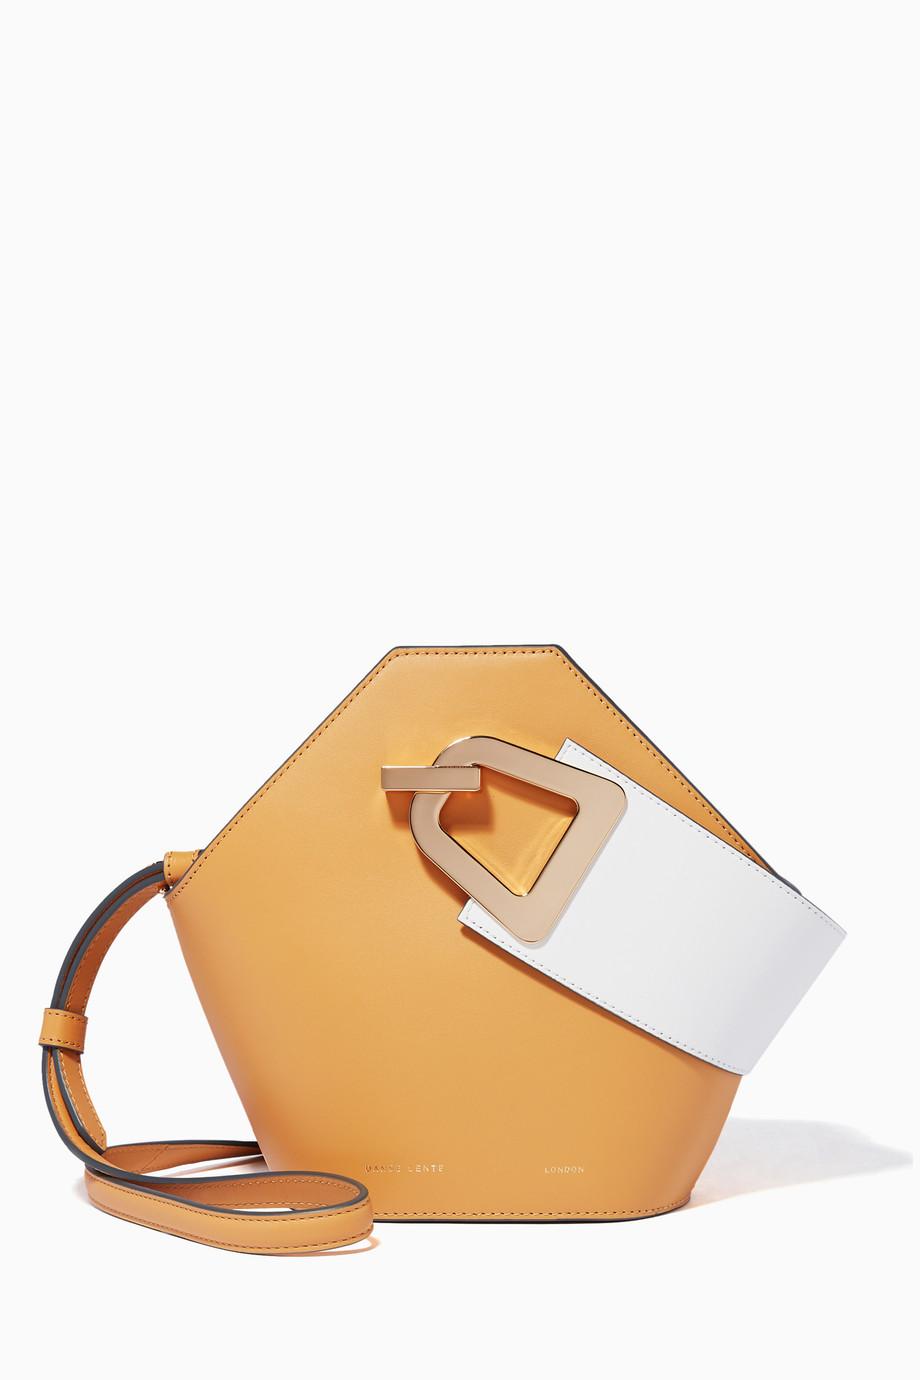 7102b22e6fd Shop Danse Lente Neutral Beige Leather Mini Johnny Bucket Bag for ...
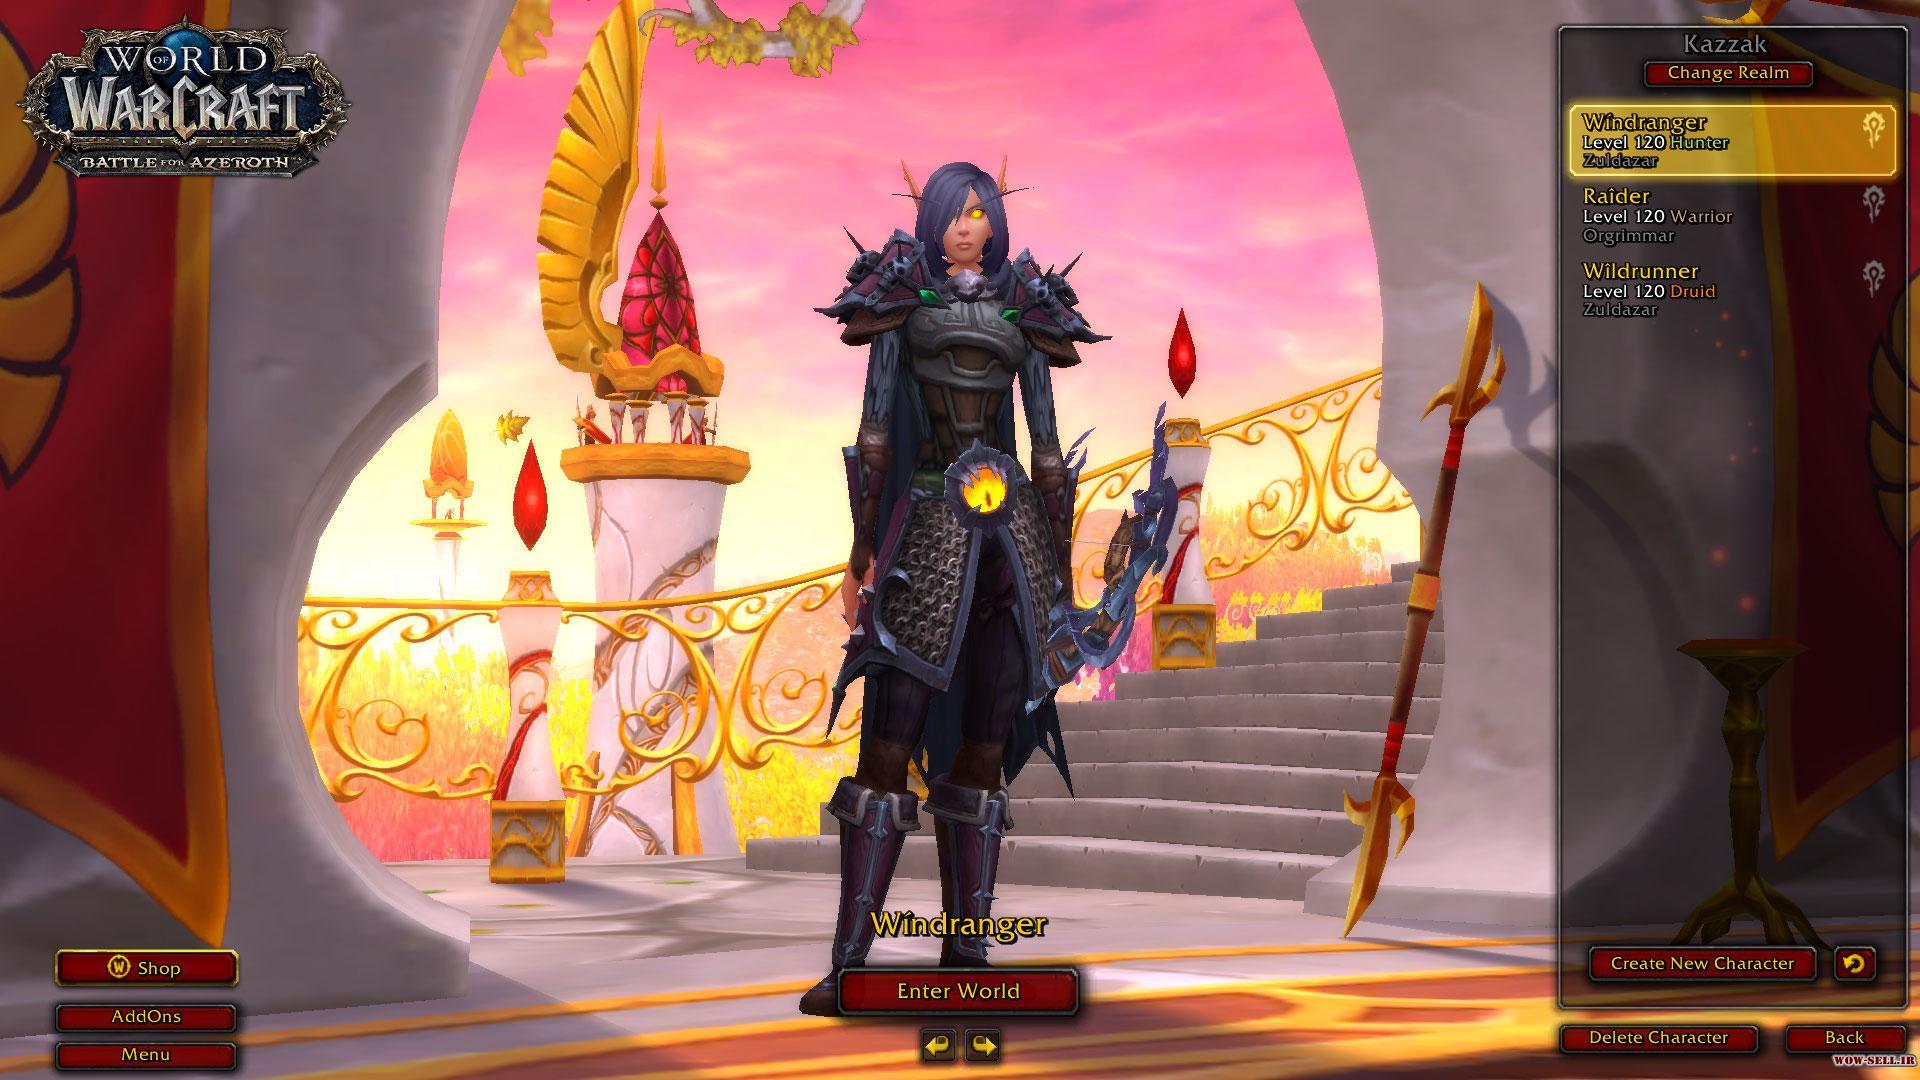 🔴 فروخته شد 🔴 - فروش اکانت wow - کد 1128 - کلاس Hunter + warrior + druid - سرور Battle.net
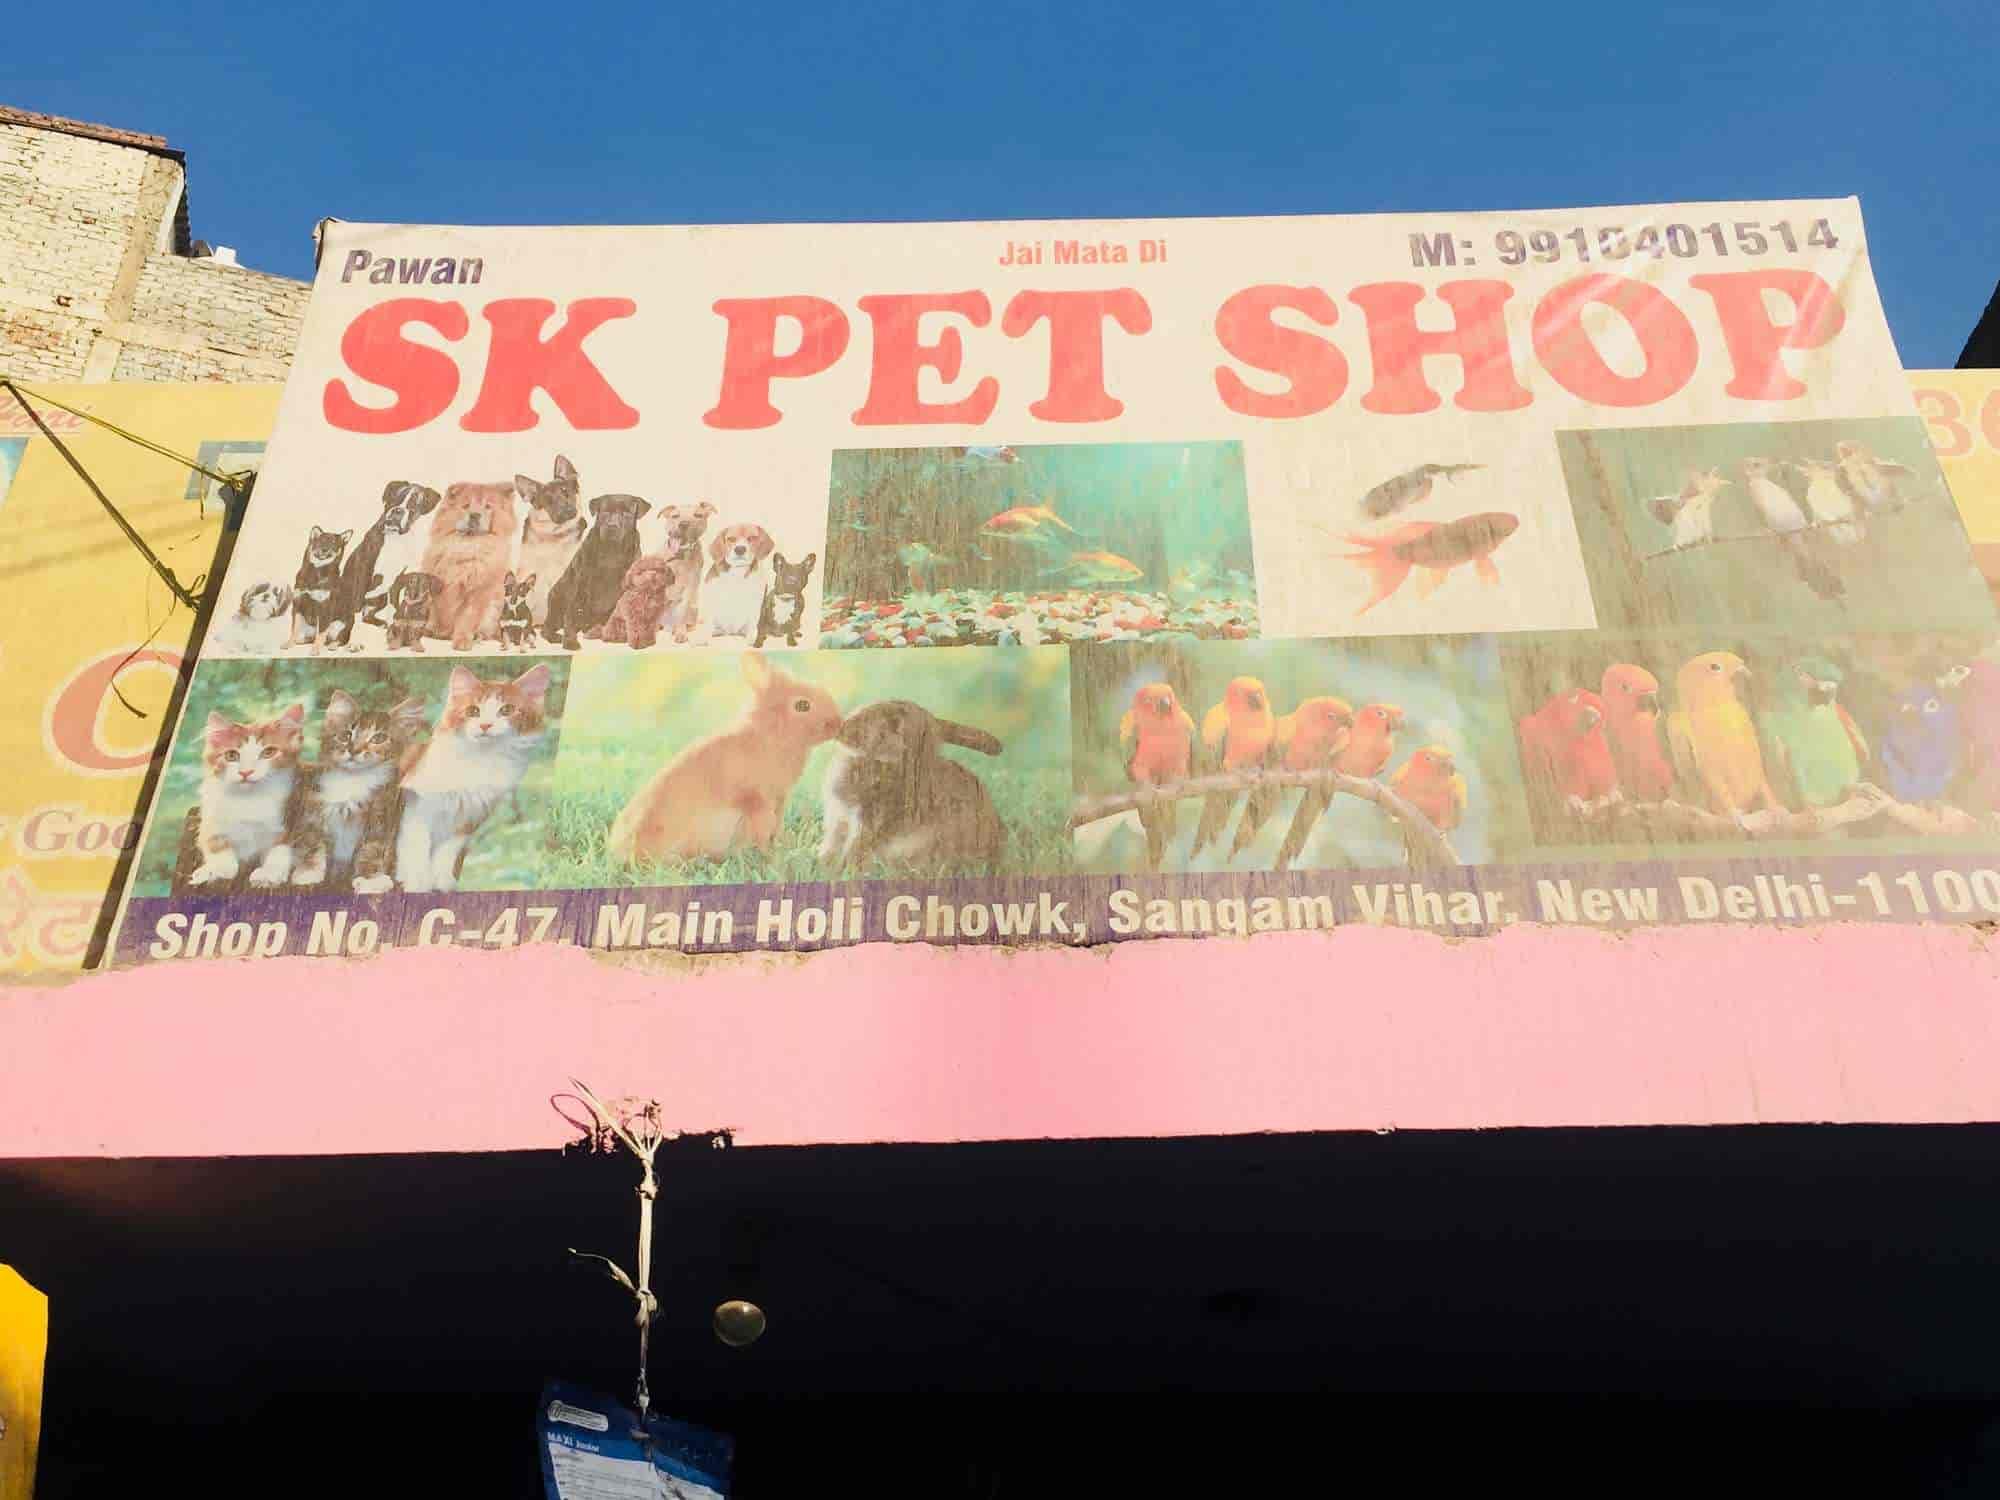 S K Pet Shop, Devli Gaon - Pet Shops in Delhi - Justdial

+--

→ **Action item**
Copy each line above precisely, dropping the pictures.

→ **Exercise result**
 7102b22e6fd Shop Danse Lente Neutral Beige Leather Mini Johnny Bucket Bag for ...
 🔴 فروخته شد 🔴 - فروش اکانت wow - کد 1128 - کلاس Hunter + warrior + druid - سرور Battle.net
 S K Pet Shop, Devli Gaon - Pet Shops in Delhi - Justdial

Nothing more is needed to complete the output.